- Born: July 22, 2004 (age 21) Rockledge, Florida, U.S.
- Height: 5 ft 7 in (170 cm)
- Position: Forward
- Shoots: Right
- PWHL team Former teams: Ottawa Charge Yale Bulldogs (ECAC)
- Playing career: 2026–present

= Jordan Ray =

Jordan Ray (born July 22, 2004) is an American professional ice hockey forward for the Ottawa Charge of the Professional Women's Hockey League (PWHL). She played college ice hockey at Yale.

== Playing career ==
===College===
In her final season (2025–26) with the Yale Bulldogs, Ray logged 17 goals and a team best 33 assists. She graduated third in program history with 145 career points.

===Professional===
On June 17, 2026, Ray was drafted in the second round, 23rd overall, by the Ottawa Charge in the 2026 PWHL Draft.

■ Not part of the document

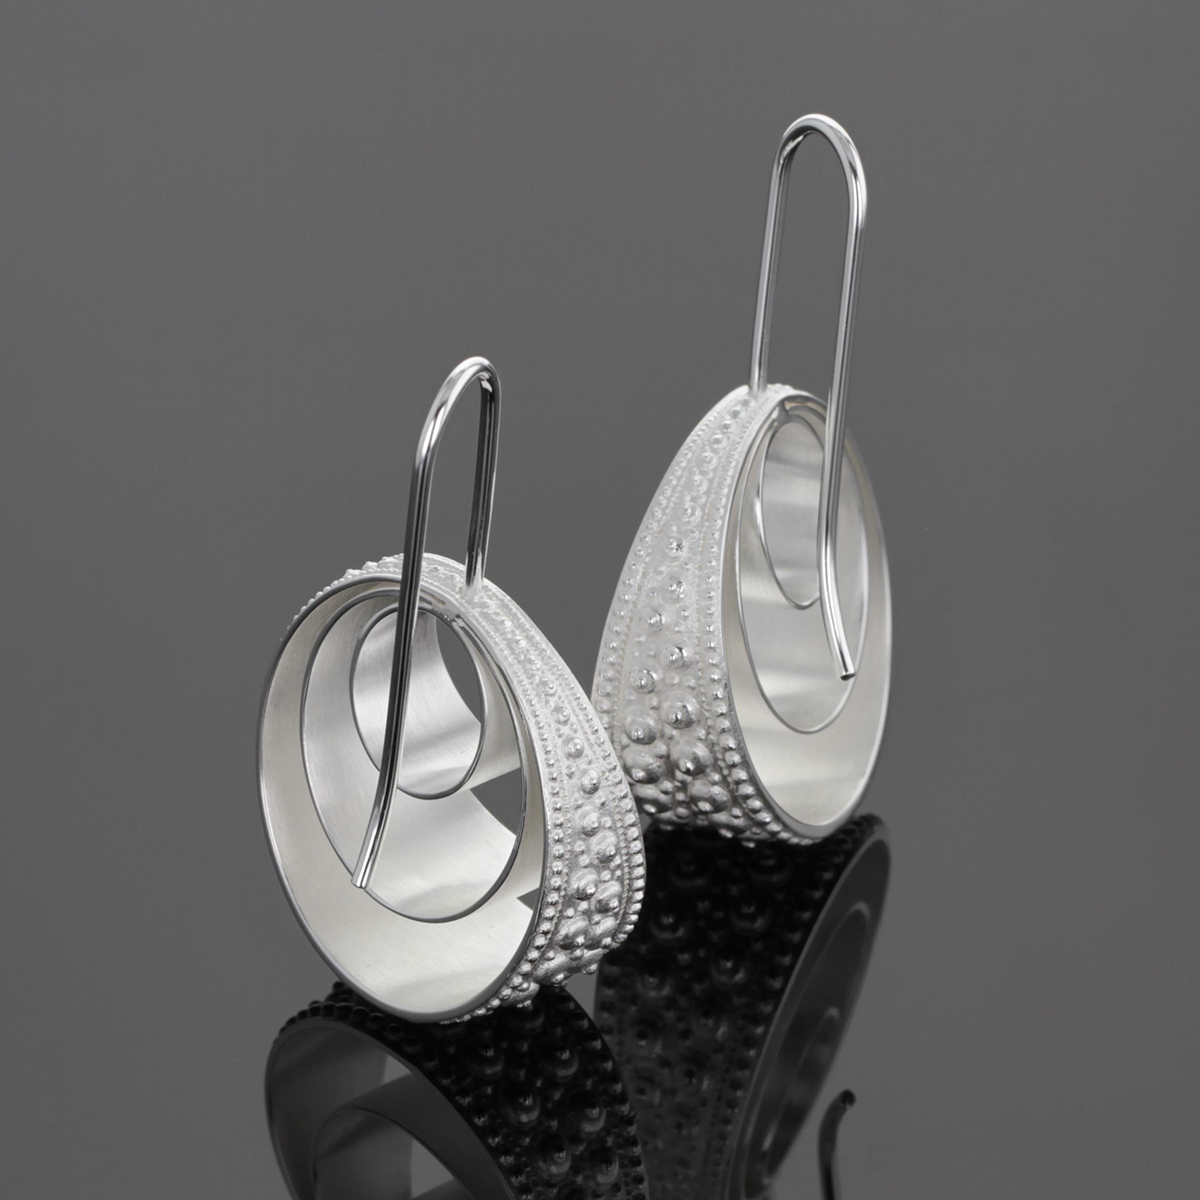 Hook earrings in silver with three hoops within each other

Ray was among four Bulldogs alumnae selected in the PWHL Draft, including Carina DiAntonio, Gracie Gilkyson and Naomi Boucher.

== Awards and honors ==
- ECAC All Academic (2022–23, 2023–24)
- Second Team All ECAC (2025–26)
- First Team All Ivy (2025–26)
- NEWHA Division I All-Star (2025–26)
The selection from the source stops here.